Download or read book Alamo Heights written by Scott Zesch and published by TCU Press. This book was released on 1999 with total page 346 pages. Available in PDF, EPUB and Kindle. Book excerpt: A socialite and a novelist join forces in San Antonio, Texas, to prevent the destruction of the mission which was the site of the Battle of Alamo. City politicians, in cahoots with businessmen, want the site for commercial development. A first novel.
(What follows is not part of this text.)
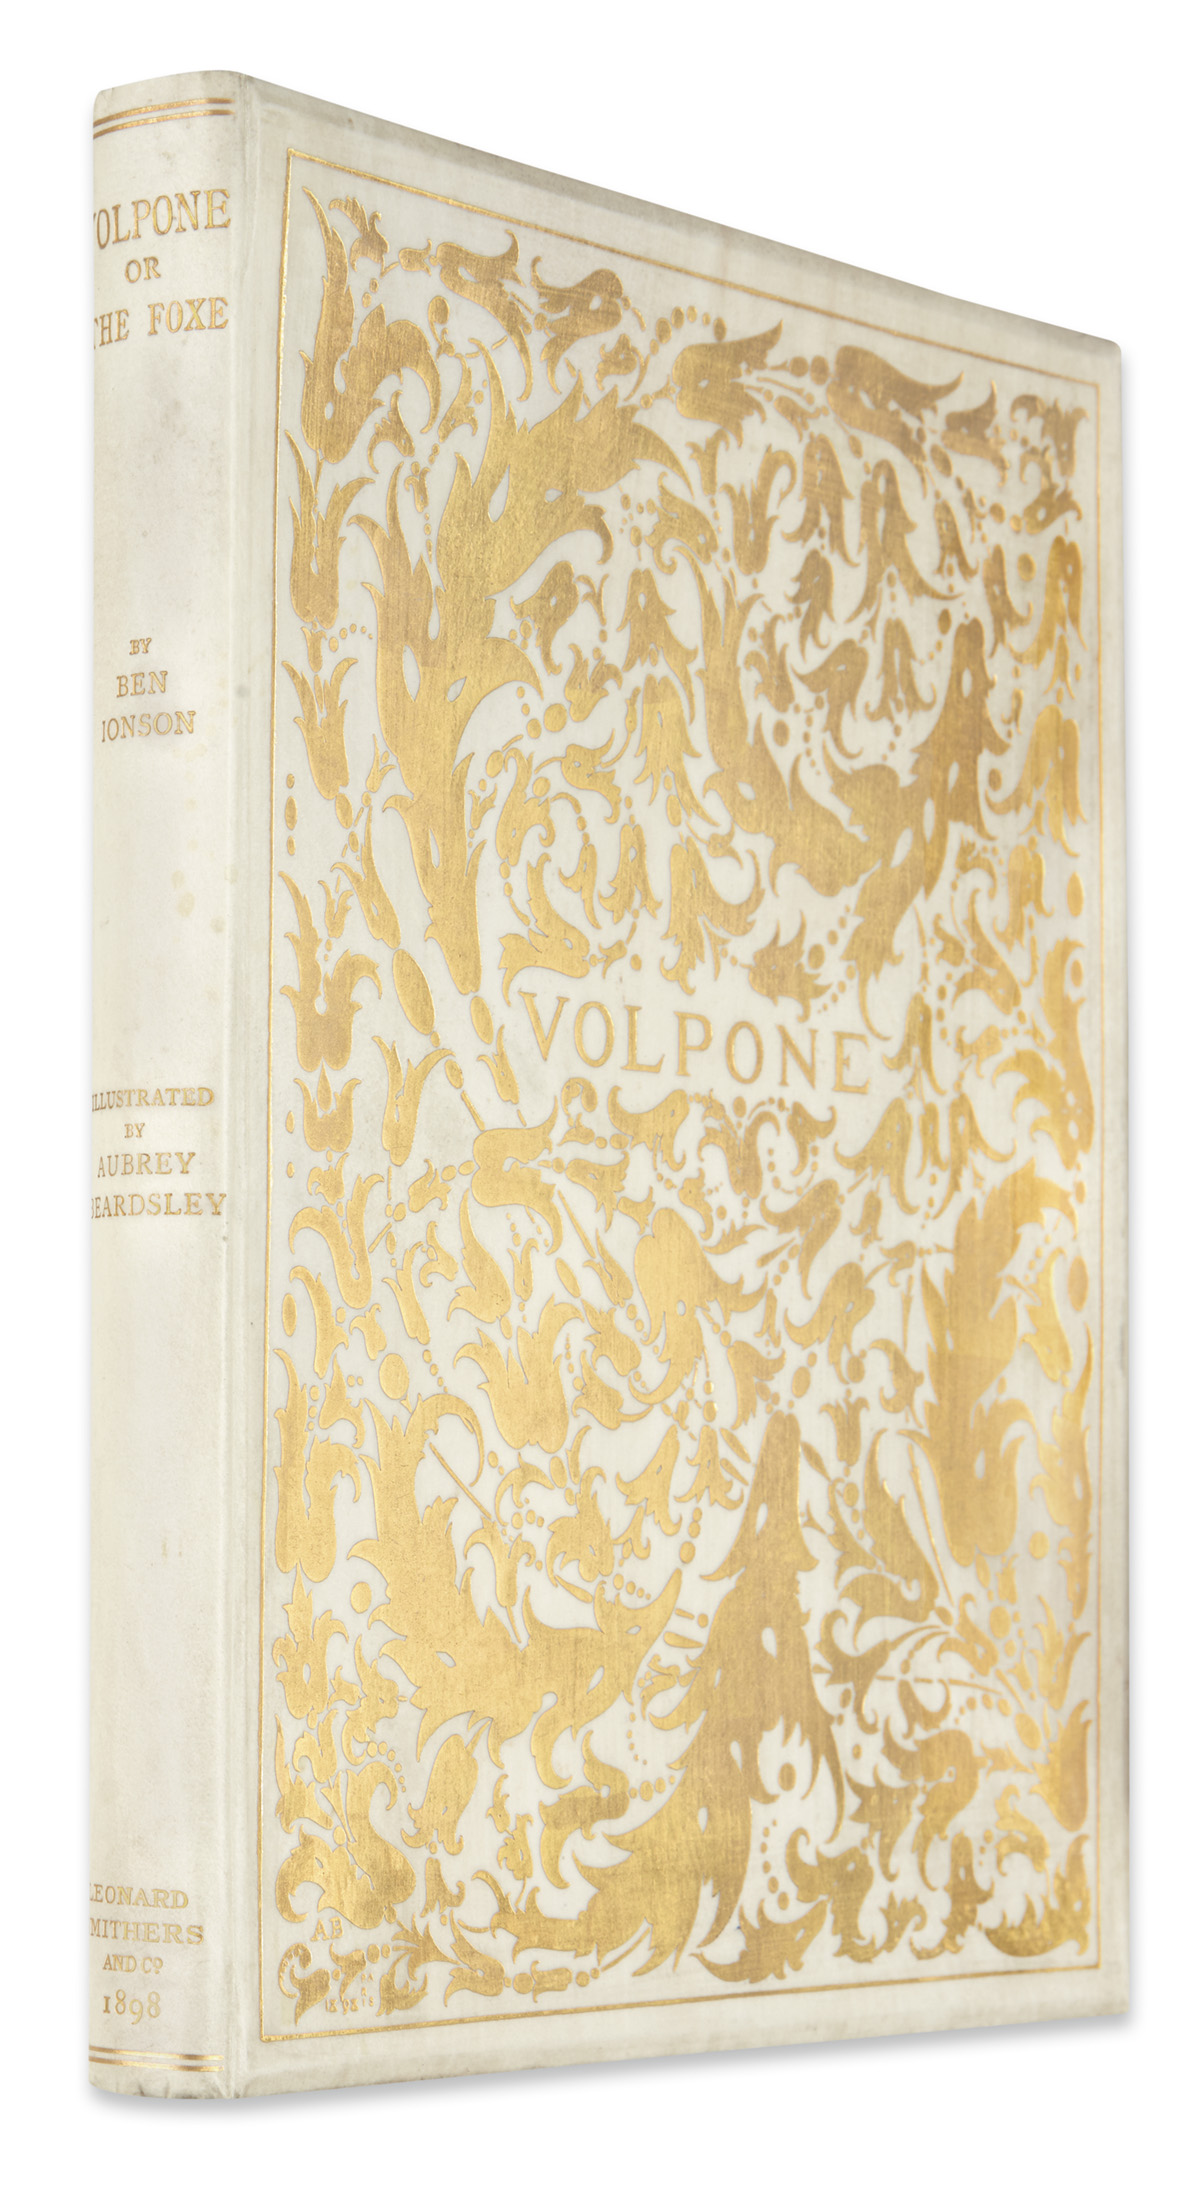 (BEARDSLEY, AUBREY). Jonson, Ben. Volpone: or, The Foxe . . . Together with a Eulogy of the Artist by Robert Ross.

Download or read book The Alamo written by Frank Thompson and published by Voice. This book was released on 2004-03 with total page 396 pages. Available in PDF, EPUB and Kindle. Book excerpt: Although The Alamo fell in the early morning of March 6, 1836, the death of the Alamo defenders has come to symbolize courage and sacrifice for the cause of liberty. The memories of James Bowie, Davy Crockett, and William B. Travis are as powerful today as when the Texan Army routed Santa Anna to the cry "Remember the Alamo!" This book is more than a tribute to those who fell defending the mission. It is a thoroughly researched, vividly illustrated, objective description of the circumstances building up to and leading from that stand. By using contemporary writings, this history describes the political and military organizations of both sides, the weapons and equipment available to them, and the enduringly famous personalities involved, creating a vivid picture of this dramatic battle and the period in which it was fought.